What Populations Are Affected By Prescription Drug Misuse & Abuse?

Men and Women

The 2014 National Survey on Drug Use and Health (NSDUH) estimated the rate of current nonmedical use of prescription psychiatric drugs was 2.6% in men and 2.3% in women. Data from a 2012 Drug Abuse Warning Network report revealed the proportion of emergency department visits involving the nonmedical use of prescribed drugs differed by gender: for youth aged between 15 and 17, the difference between girls and boys was significant; 45 percent and 31 percent respectively.

Prescription drug misuse and abuse can harm those from all backgrounds, but some demographics are more susceptible than others. The following are drug rehab centers dedicated to helping those suffering from substance abuse.

Youth and Young Adults

Several young individuals believe that prescription drugs are safer than illicit substances because they’re legal with a prescription by a physician, given by a pharmacist, and manufactured by pharmaceutical companies.

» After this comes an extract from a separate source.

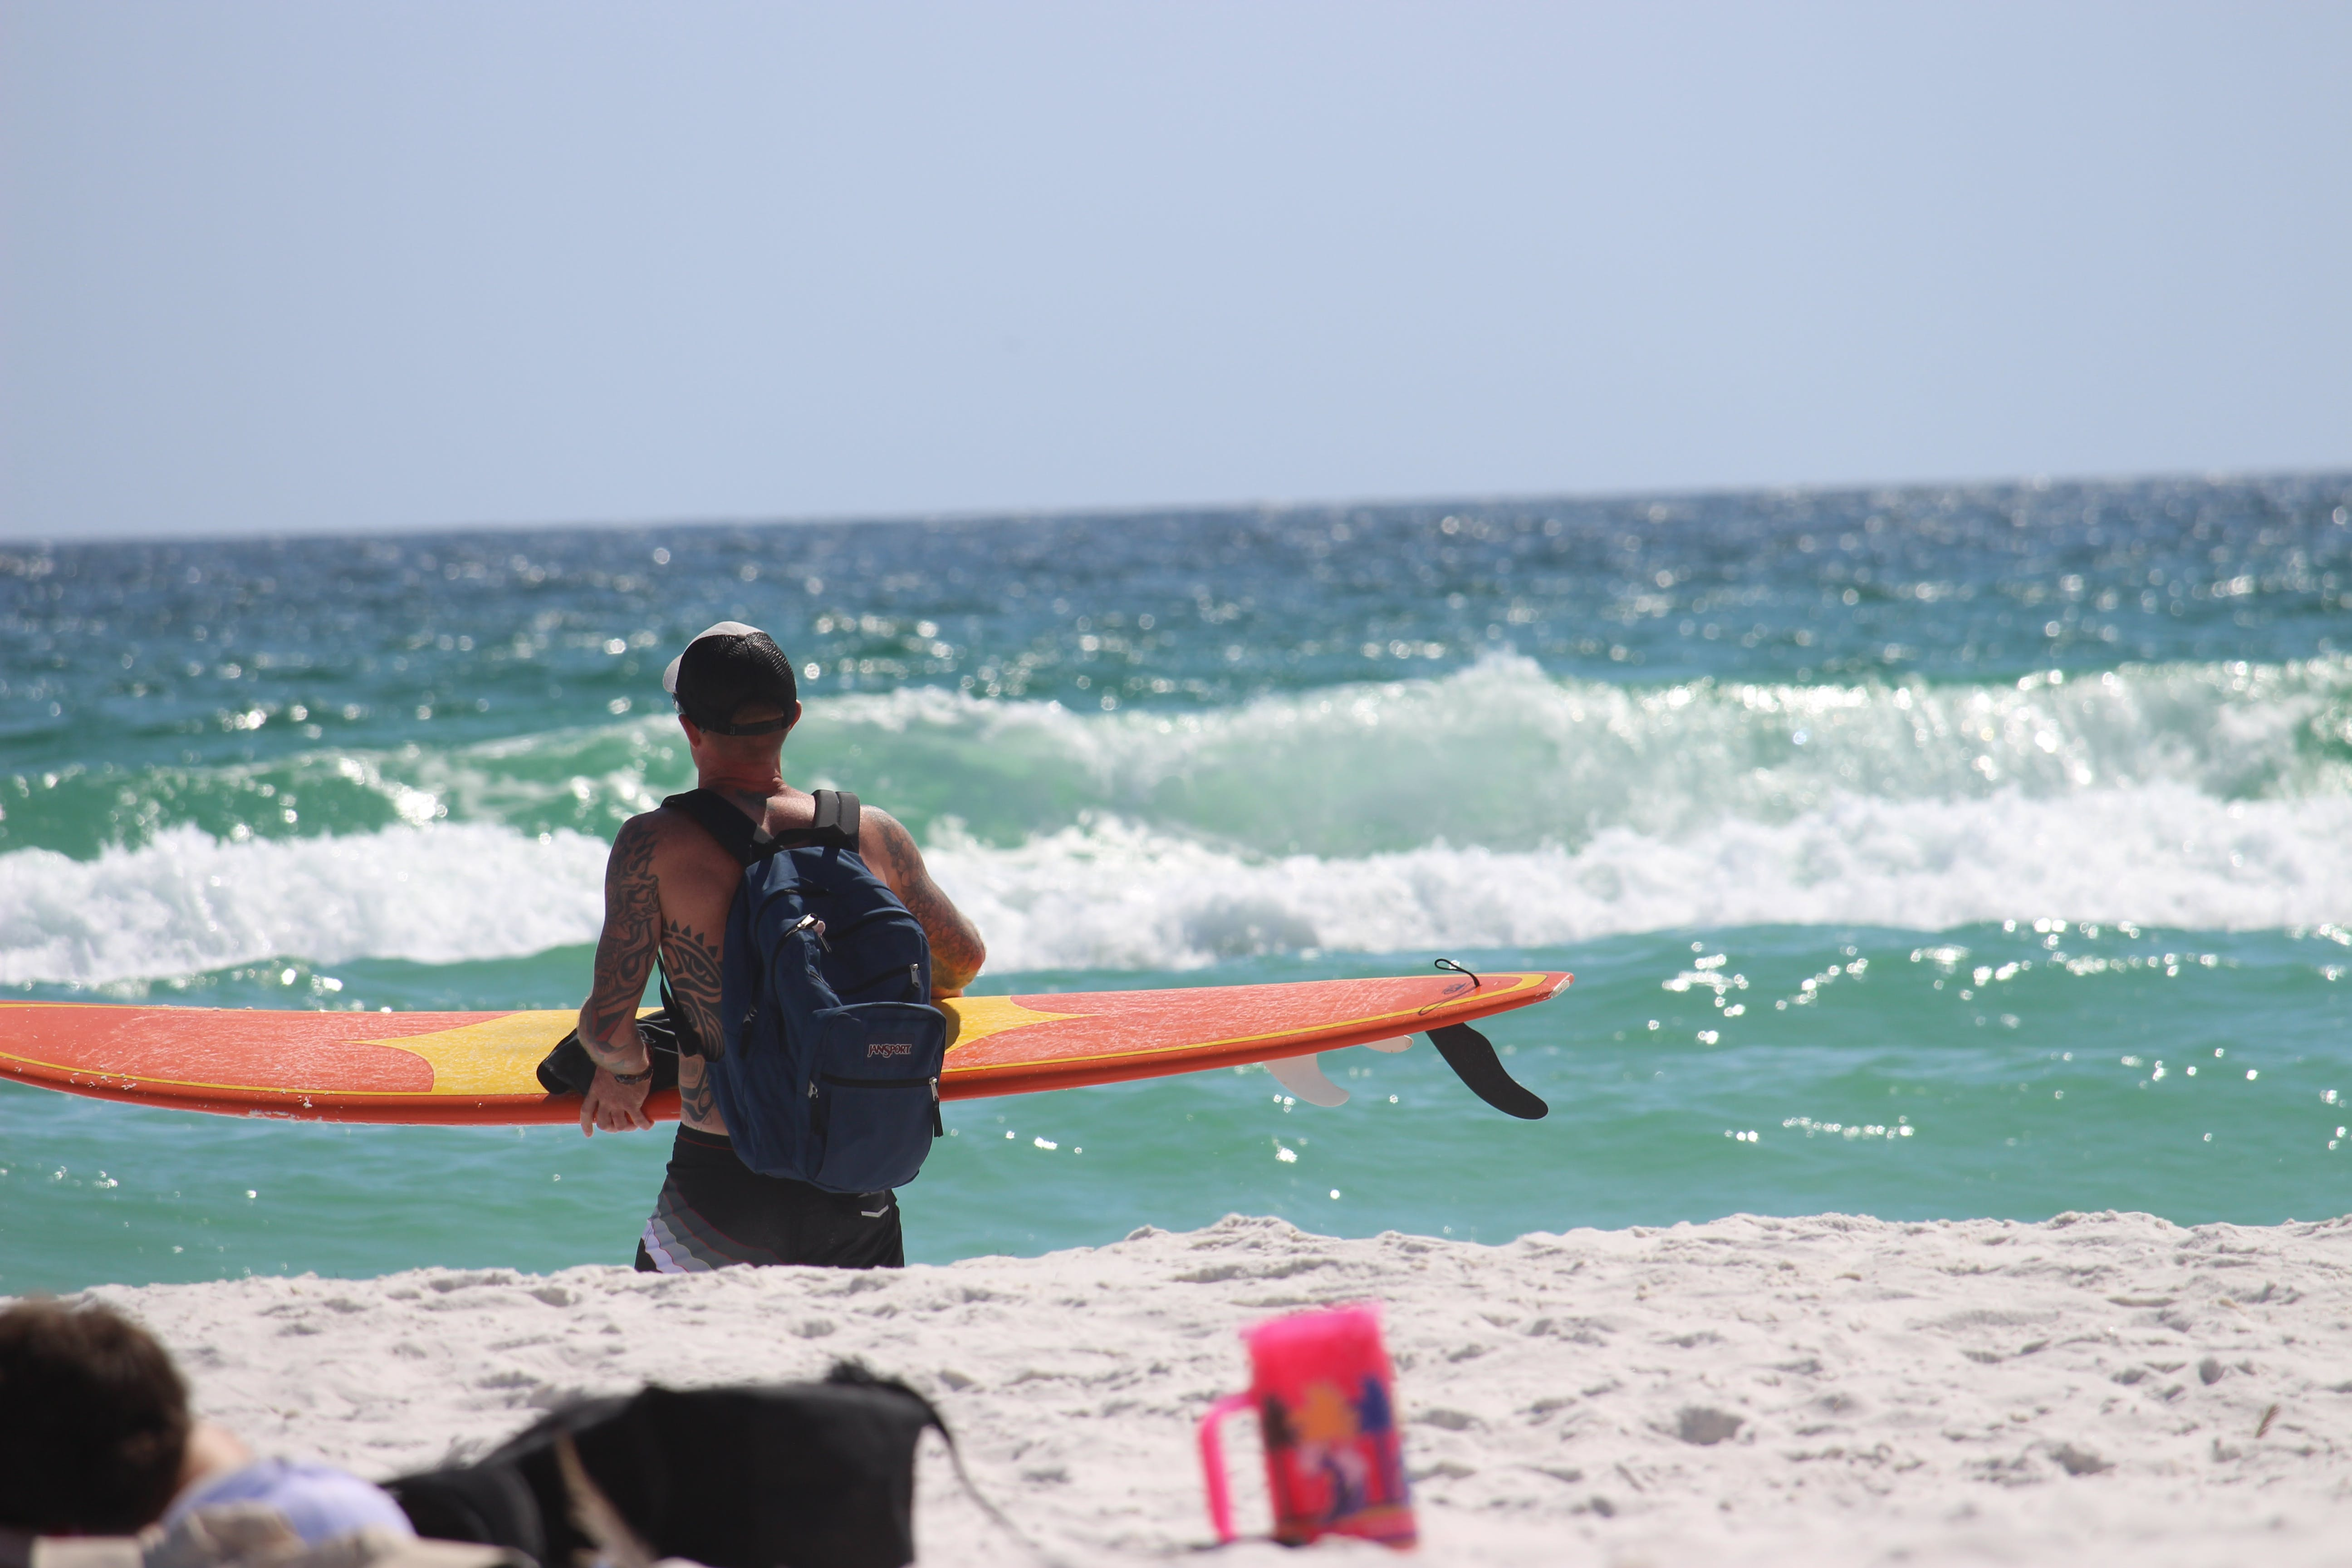 Man Carrying Orange Surfboard on Shore

However, a 2013 Monitoring the Future study found prescription drugs to be the second-most abused category of drugs.

NSDUH data tracks prescription drug misuse or abuse among youth:

  • In 2014, the rate of past year nonmedical painkiller use among youth aged 12 to 17 was 6.2%. For young adults ages 18 to 25, the rate was 11.8%.
  • In 2014, youths aged 12 to 17, or young adults aged 18 to 25, were more likely to misuse prescription drugs in the past year than adults aged 26 or older.
  • The percentage of current misusers of prescription drugs significantly increased for those aged 12-17 from 2.2% in 2013 to 2.6% in 2014.
  • On an average day during the past year, an average of 5,784 adolescents used prescription pain relievers non-medically for the first time.

A 2013 SAMHSA study shows that emergency department visits for drug misuse or abuse by youth aged 12 to 17 on a typical day include:

  • 74 for prescription or nonprescription painkillers
  • 32 for antidepressants or antipsychotics
  • 31 for benzodiazepines
  • 26 for narcotic pain relievers
  • 11 for attention-deficit/hyperactivity disorder medications

Older Adults (Age 50 and Older)

The National Institute on Drug Abuse found in 2014 that prescription drug misuse and abuse is growing among individuals in their 50s.

Older adults commonly experience more complications with relatively less amount of medications due to increased medication sensitivity, and slower metabolism and elimination from the body. Older adults are at a higher risk for drug misuse than the general populace due to their increased reports of pain, sleep disorders such as insomnia, and anxiety. They also may develop cognitive declination, which may result in misuse of their medications.

  • The combination of alcohol and medication misuse has been estimated to affect up to 19% of older Americans.
  • Approximately 25% of older adults use prescription psychoactive medications that have a potential to be misused and abused.
  • Older adults are more likely to take prescribed psychoactive medications for longer periods of time than younger adults.